Time complexity = how fast runtime grows when input size grows
Rules:
- We ignore the constants.
- Consider the worst case not the best case while caculation
- Add when sequential, multiply when nested
Major time complexities:-
- Constant - O(1) - very fast to execute and this is the best ever possible
- Logarithmic - O(log n) - very fast after constant
- Linear - O(n)
- Linearithmic - O(n log n)
- Polynomial - O(n ^ 2),O(n ^ 3)
- Exponential - O(2^n)
- Factorial - O(n!)
O(1) - constant time complexity
It is constant time complexity means no looping no recurssions just one condition or few condition to get the solution of the problem.
O(log n) Maths:-
As mentioned about log n, How many time does n is divisble by 2 to reach 1. Means we are processing only log n elments eg:- binary search (each time we will make input size into half means /2) - That means how many time we are making half is the time complexity.
O(n) - Linear time complexity - Like loop through the n elements.

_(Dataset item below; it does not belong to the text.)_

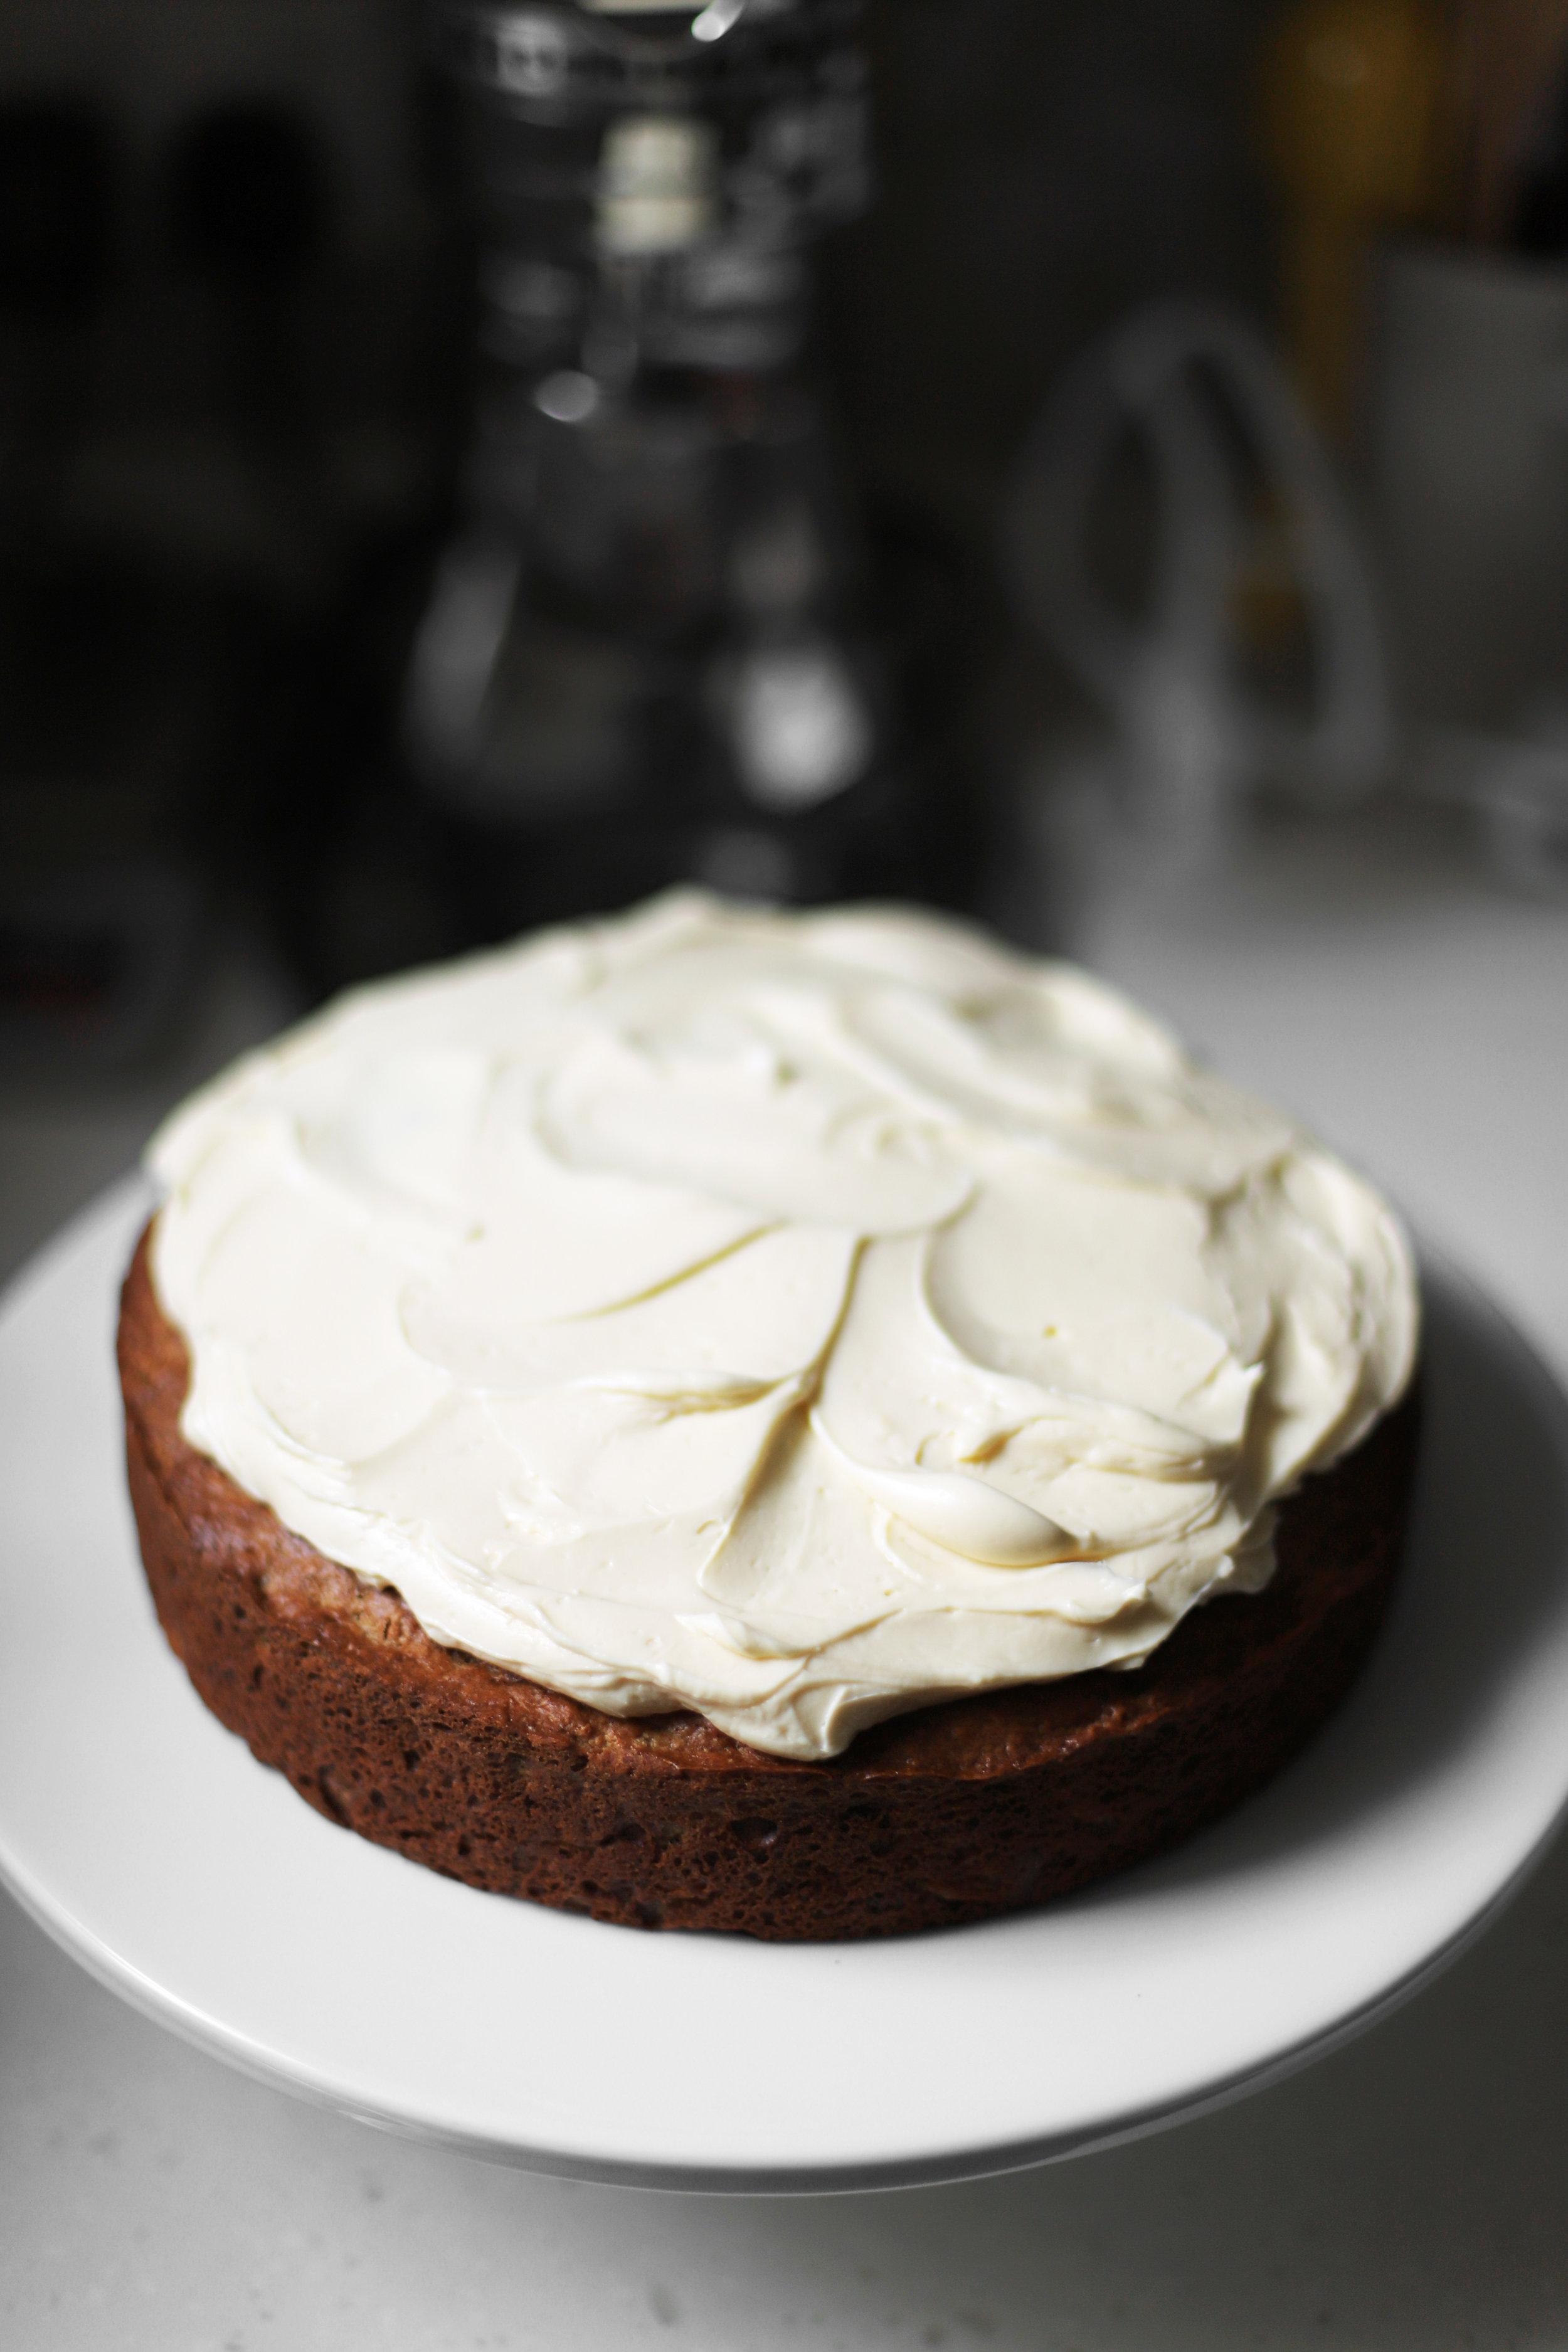 Julia Turshen's applesauce cake

O(Log n) < O(n) as O(n) is processing n elements and O(log n) is processing just log n elements.
O(n log n):-
Consider it like we are doing log n operations n times. eg:- check n elements in a array using binary search as we discussed binary is O(log n) but we are doing it for n times. here we are not doing sequentially we are doing with nested so we multiply n * log n
O(n 2 ) - Polynomial:-
As rule stated when nested we multiply. O(n) nested with O(n). Like one for loop inside another for loop is like nested for loop. Which is slower as input grows. Mostly we try to reduce polynomial to other time complexities.
O(2 n) - Exponential:-
It is like work double every time input size increase by 1. Like combinations if you know the maths. (I dont know).
eg:- Consider a recursion , each call of one input make 2 more calls (f(n) = f(n-1) + f(n-1))
—Need to check more about it.
O(n!) - Factorial
Worst time complexity that takes lots of time to run. This happens when we trying all permutations
eg: Imagine we need to make stand n people stand n = 5 → 120 ways n = 10 → 3628800 ways
like person can stand in n ways after 2 nd person can stand in n-1 ways soo on n * n-1 * n-2 * … = n!
Travelling salesman problem :- (where no optimization is present):- Problem:- Salesman need to visit all cities he has, To calculate the cities order he need to visit we need to calculate all the distances from one city to another like city1 → city 2 → city 3 and also city2→ city3
We need to do all the permutation and decide one order.
Conclusion - First we need to try doing brute and try to reduce input size so that we can reduce the time complexity drastically.
O(1) < O(log n) < O(n) < O(n log n) < O(n²) < O(2ⁿ) < O(n!)